Such a pressure-controlled or respectively force-controlled setting of rivets, however, has the drawback that it leads to setting processes which are of variable quality, in particular in the case of a manual interruption to the setting process by the operator when a preset pressure is reached. Proceeding therefrom, the object of the invention is to provide a riveting tool of the type mentioned in the introduction by which uniform setting processes of rivets may be carried out with a high degree of repeated accuracy.

BRIEF SUMMARY OF THE INVENTION

The invention achieves the object by a riveting tool having the features of claim 1. Advantageous further embodiments of the invention are disclosed in the dependent claims.

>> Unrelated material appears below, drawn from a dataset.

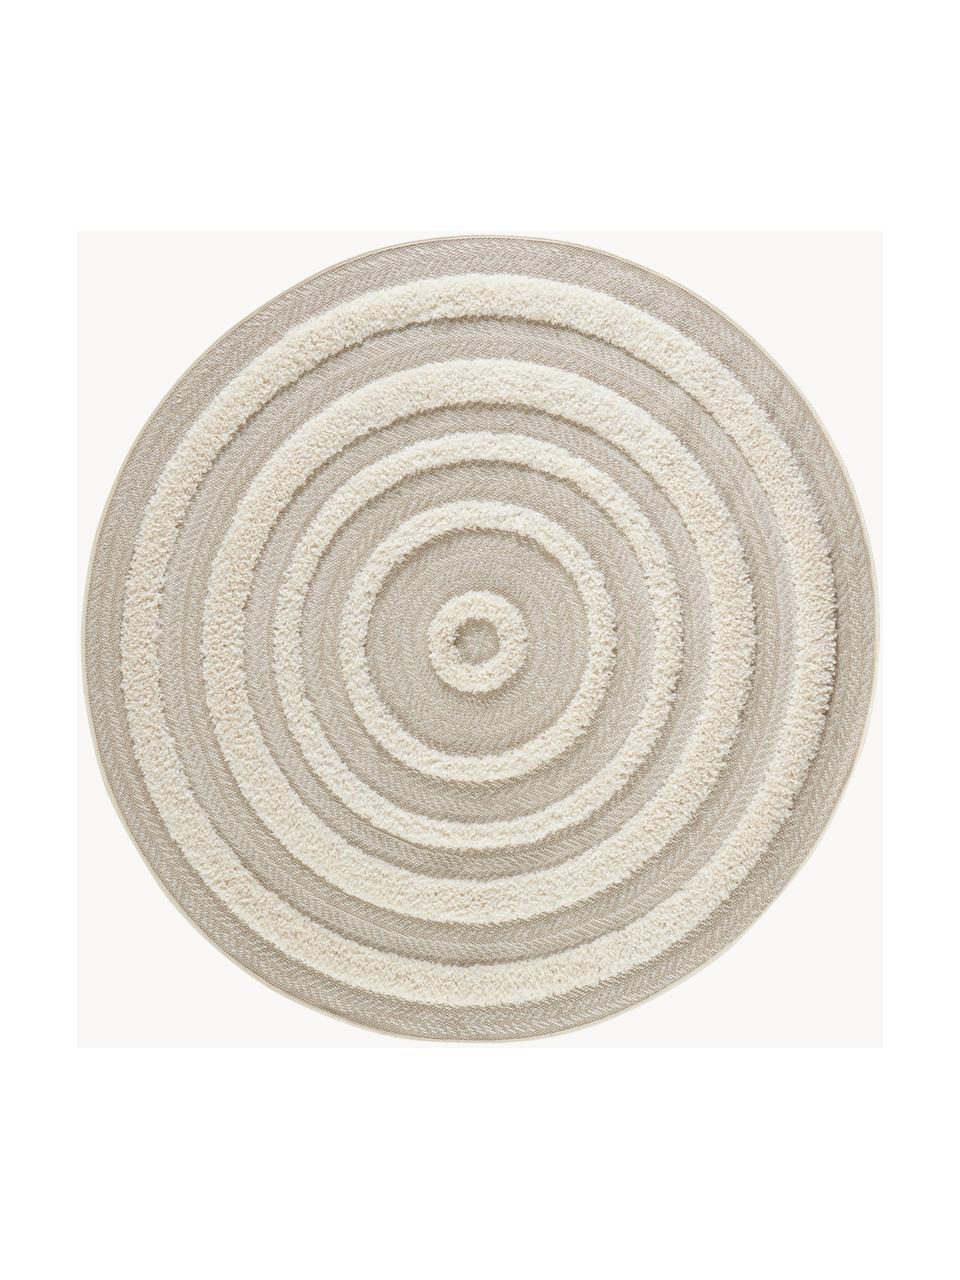 Tappeto rotondo da interno-esterno con motivo a rilievo Nador, 100% polipropilene, Beige chiaro, bianco crema, Ø 160 cm (taglia L)

It is characteristic of the riveting tool according to the invention that said riveting tool for fixing the setting position has an adjusting unit with a stroke-limiting element which is axially adjustable relative to the coupling element in the longitudinal axial direction of the pull rod, wherein the stroke-limiting element is in engagement with the coupling element via a stop surface in the setting position. According to the invention it is accordingly provided that the riveting tool comprises an adjusting unit which mechanically limits the stroke exerted on the rivet to be set by the pull rod or respectively drawing mandrel by a stroke-limiting element which is able to be positioned in the longitudinal axial direction. The positioning in the axial direction which takes place in the longitudinal axial direction of the pull rod relative to the coupling element, i.e. in relation to said coupling element, permits the stroke to be fixed mechanically in a predetermined manner. The setting movement is fixed by a stop of the coupling element on the stop surface of the stroke-limiting element, wherein the stroke-limiting element is fixed to the riveting tool, relative to the pull rod and the drawing mandrel.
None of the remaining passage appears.